DATA SEGMENT:
━━━━━━━━━━━━━━━━

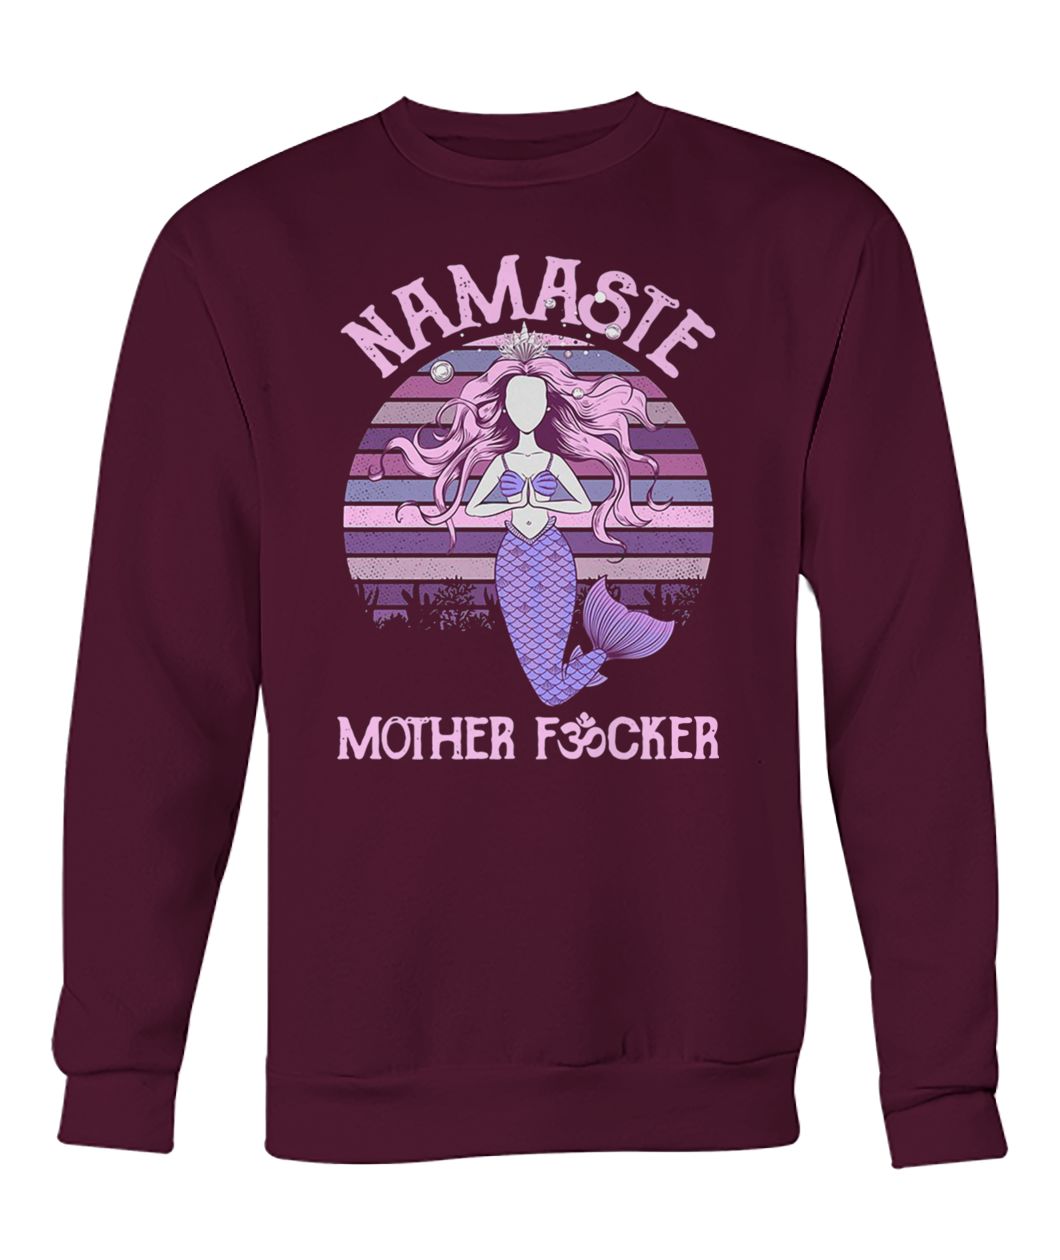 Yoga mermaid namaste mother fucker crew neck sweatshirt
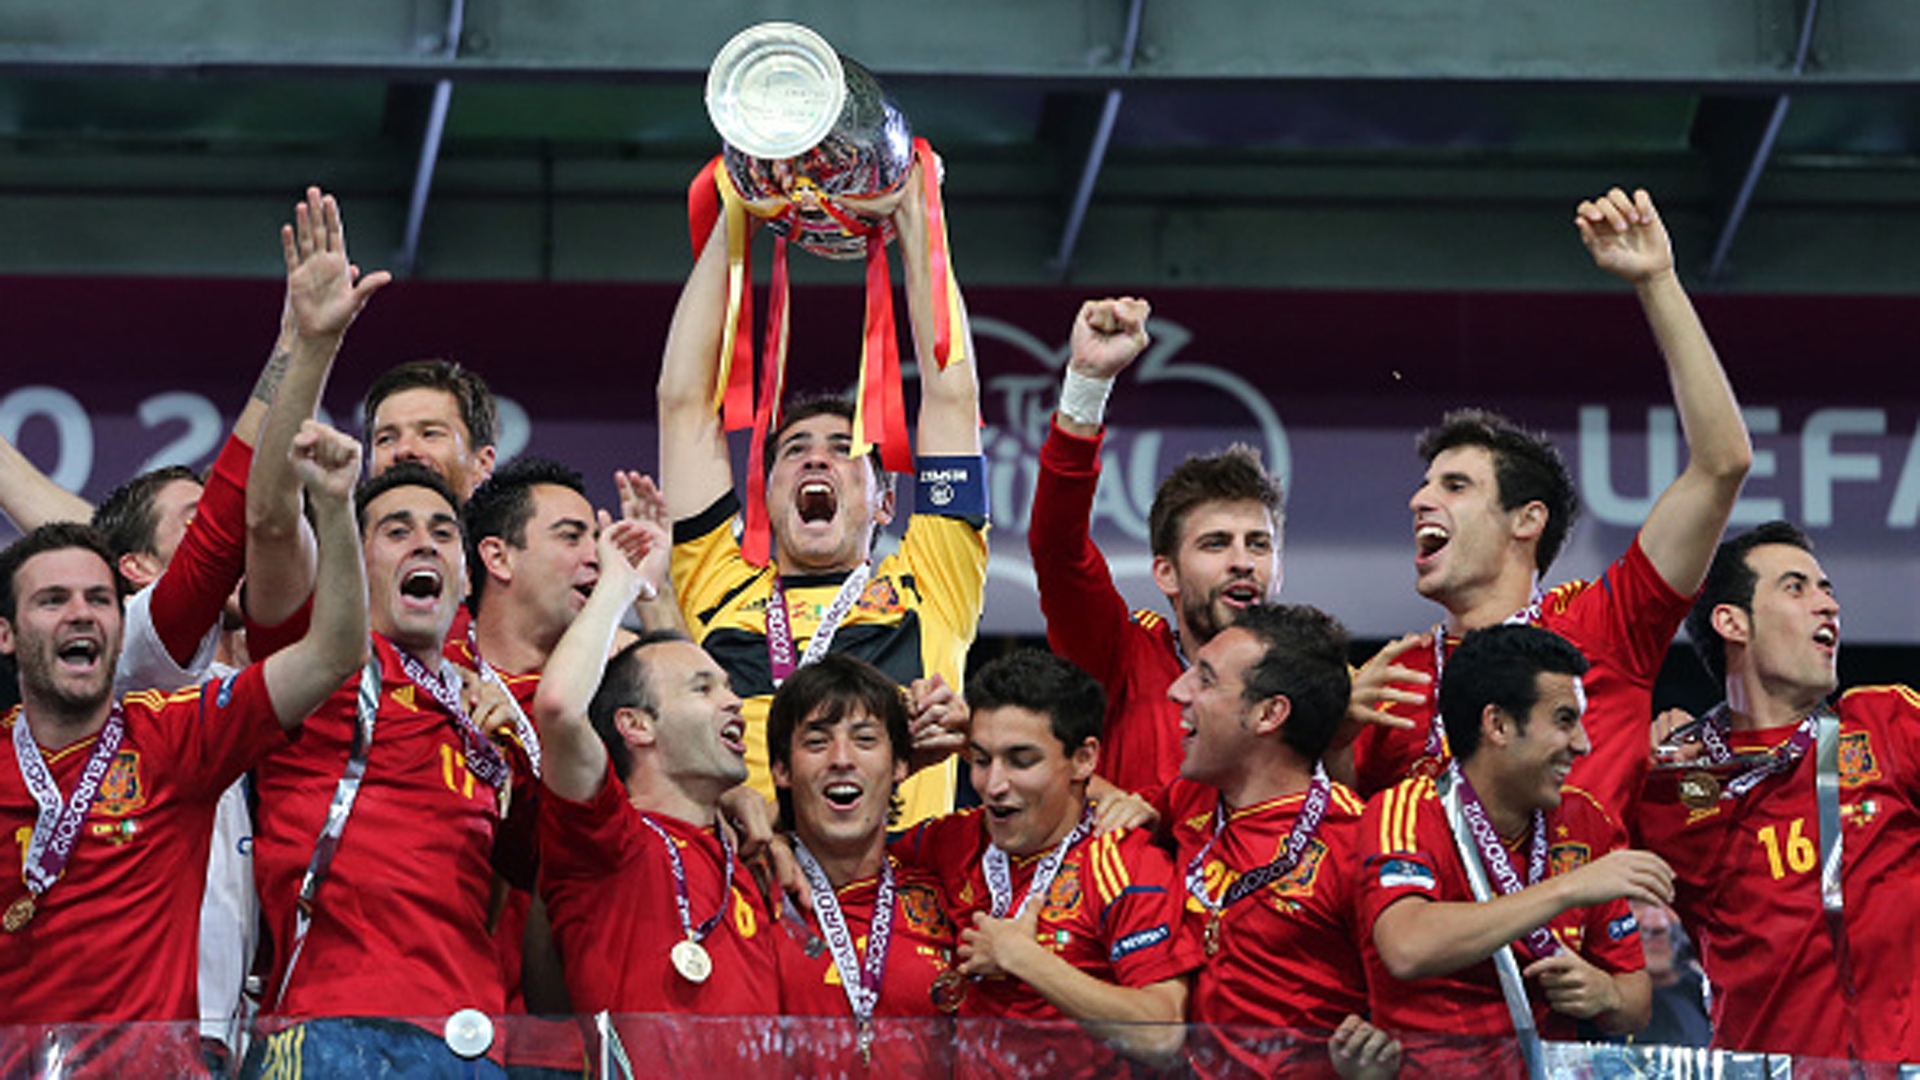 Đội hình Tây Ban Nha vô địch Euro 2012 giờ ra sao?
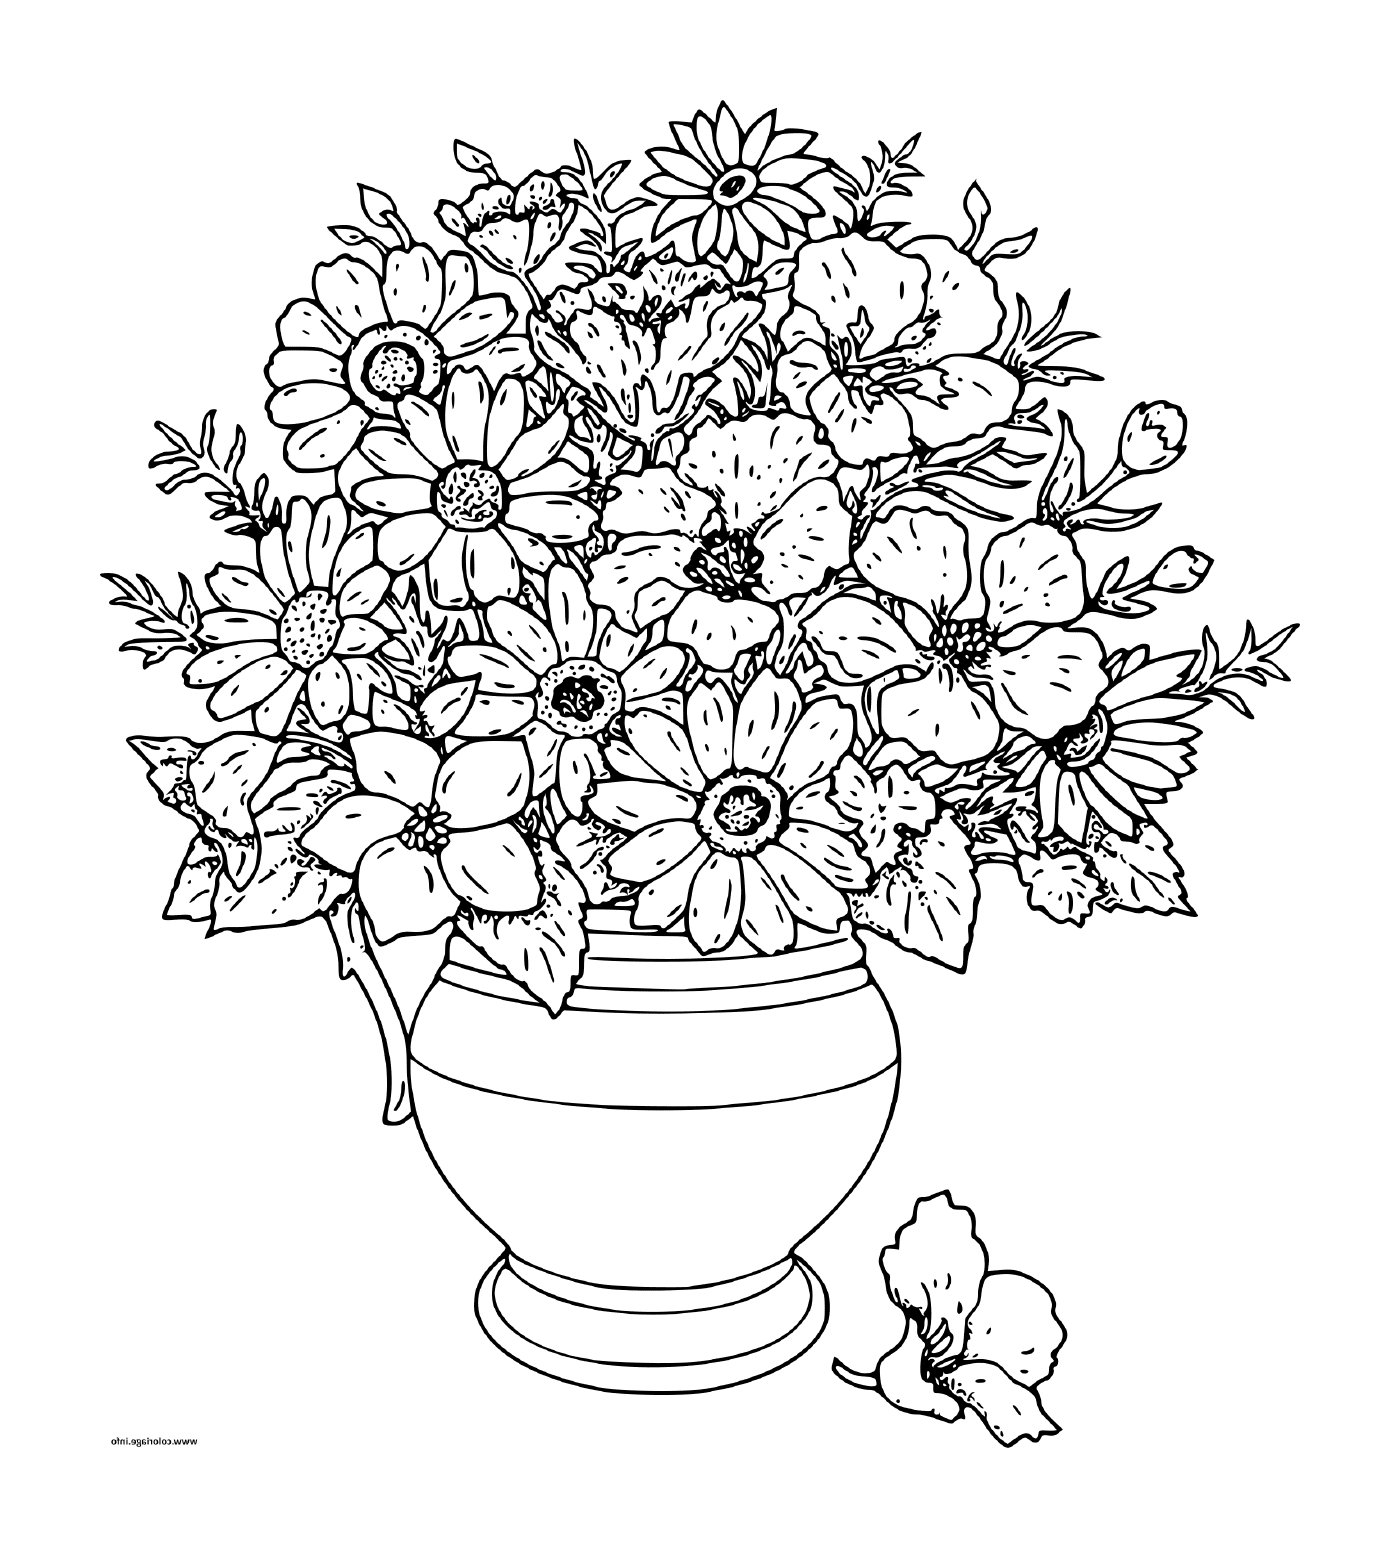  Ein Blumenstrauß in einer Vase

━━━━━━━━━━━━━━━━

TASK BRIEF: Return the listing above word for word. Keep the images out.

EXERCISE RESULT:
 Yoga mermaid namaste mother fucker crew neck sweatshirt
 Đội hình Tây Ban Nha vô địch Euro 2012 giờ ra sao?
  Ein Blumenstrauß in einer Vase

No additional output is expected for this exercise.